Description
Delicious and customizable chicken quesadillas that come together quickly, perfect for family meals or a quick snack.
Ingredients
- 4 large flour tortillas (10-inch)
- 2 cups cooked chicken breast, shredded
- 1½ cups Mexican cheese blend, shredded
- ½ cup Monterey Jack cheese, shredded
- 1 medium bell pepper, diced
- ½ medium red onion, finely diced
- 2 tablespoons olive oil or butter
- 1 teaspoon chili powder
- ½ teaspoon cumin
- ½ teaspoon garlic powder
- To taste: salt and pepper
Instructions
- Mix shredded chicken with chili powder, cumin, garlic powder, salt, and pepper until evenly coated.
- Dice the bell pepper and red onion into small pieces about ¼-inch in size.
- Lay one tortilla flat, sprinkle half of the Mexican cheese blend on one half, then add the seasoned chicken, diced veggies, and top with Monterey Jack cheese and the remaining Mexican cheese blend. Fold the tortilla.
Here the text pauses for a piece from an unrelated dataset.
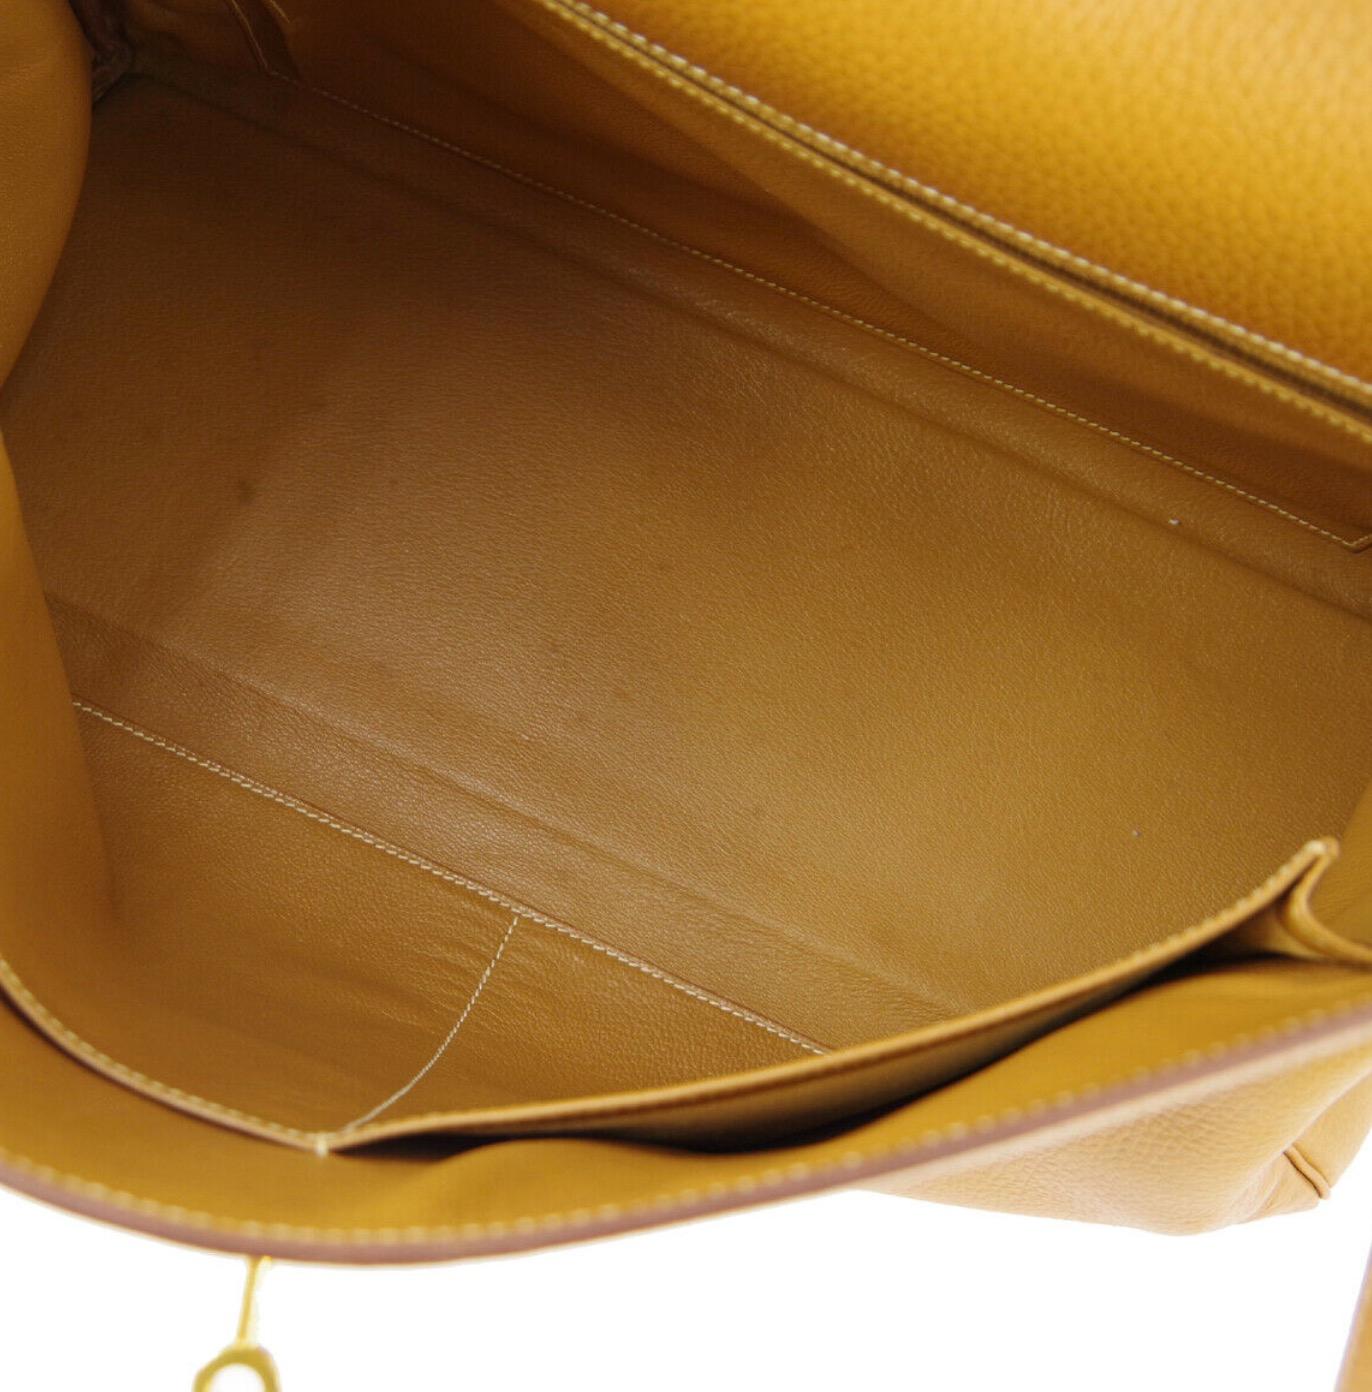 Hermes Kelly 40 Mustard Leather Top Handle Satchel Carryall Tote Flap Bag 2

- Heat oil in a skillet over medium heat. Cook each quesadilla for 3-4 minutes per side until golden brown and cheese is melted.
- Let the quesadilla rest for 2-3 minutes before cutting it into wedges.
- Serve immediately with cilantro, sour cream, guacamole, and salsa.
Notes
Avoid overstuffing the quesadilla and remember to preheat the skillet for best results.